After he was strapped down to the gurney, Patterson lifted his head and stared intently into the witness box, appearing to give a small nod in the direction of his spiritual adviser. “I am at peace now and ready to meet my maker,” Patterson said. “May God bless each and everyone who is here tonight and each one who hears this.” He then rested his head on the gurney as the lethal chemicals began flowing into his thick arms. Patterson was pronounced dead at 9:10 p.m. EST at the Greensville Correctional Center.

Members of the victim’s family witnessed the execution from a separate room. Department of Corrections spokesman Larry Traylor would not identify them or say how many family members were there. Patterson’s mother, father, sister, brother and two daughters visited him earlier in the day, Traylor said. There were no protesters outside the prison.

Patterson was imprisoned for nearly 14 years and would have been released in 2004 without the cold hit. He was implicated in the murder when the state compared DNA samples from the crime with DNA samples in its database of 175,000 felons. A “cold hit” matched the DNA of Patterson, who was in prison for another rape. After the 1999 match, Patterson confessed and pleaded guilty to sexually assaulting and killing Aldridge on Oct. 11, 1987. He told investigators that he forced his way into her home to steal money to buy drugs but became enraged when he learned she only had coins in her purse. He raped her and stabbed her 17 times. “The penalty fit the crime,” Patterson said last week in a telephone interview from death row. “I was responsible and I want to pay the ultimate price.”

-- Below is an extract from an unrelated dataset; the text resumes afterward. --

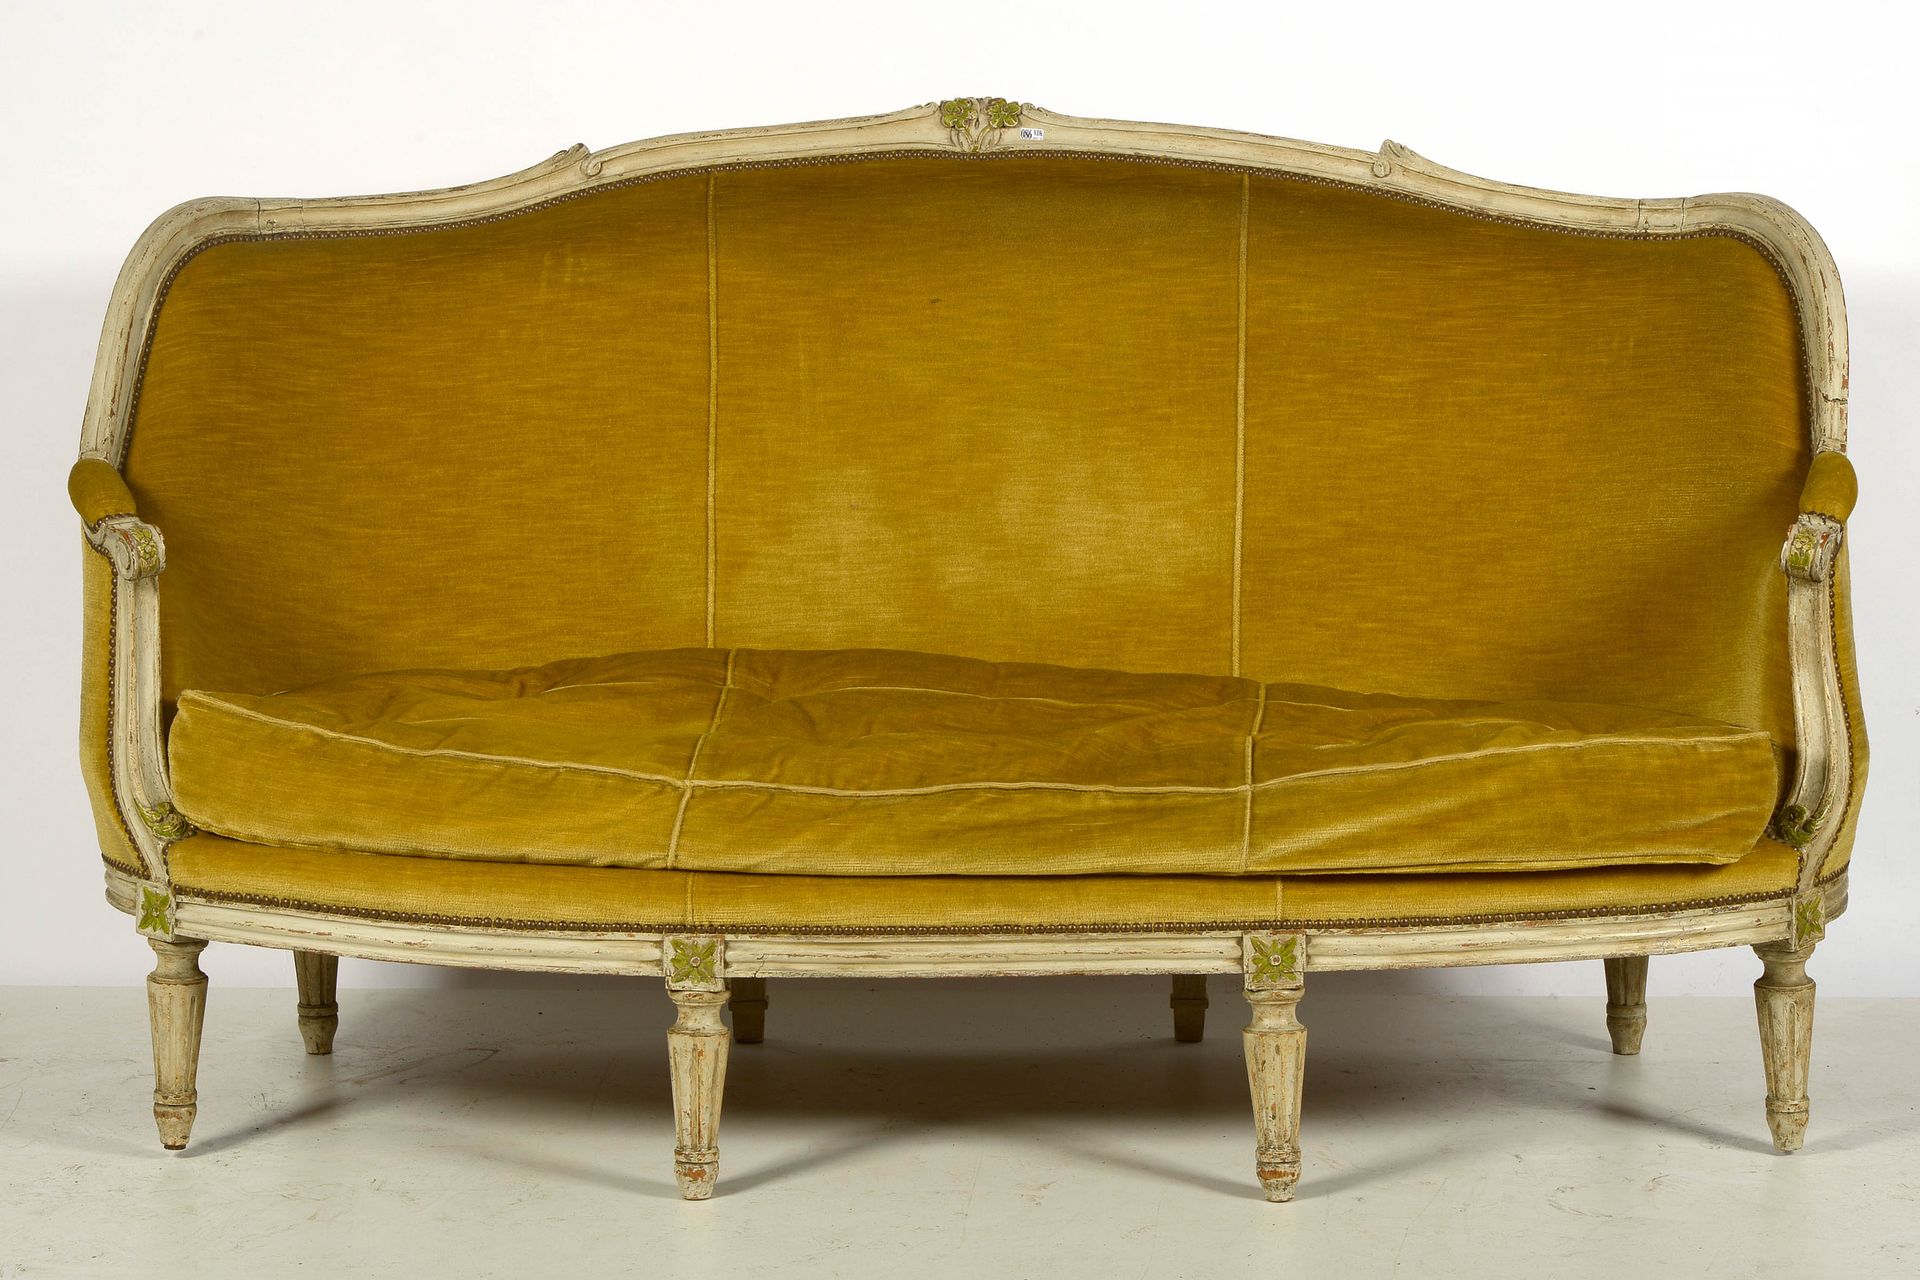 Null 路易十六 "Corbeille "三座沙发，木雕，有多色的痕迹，用黄色天鹅绒装饰。年代：18世纪。长：+/-184厘米。

Of the 37 other states with the death penalty, no executions have been based on a cold hit, an Associated Press survey found. Virginia became the first state to execute a person whose conviction was based on DNA evidence when Timothy W. Spencer went to the electric chair in 1993 for a series of stranglings in Richmond and Arlington. The execution is the first in Virginia this year and the 84th in the state since the U.S. Supreme Court allowed the death penalty to be reinstated in 1976.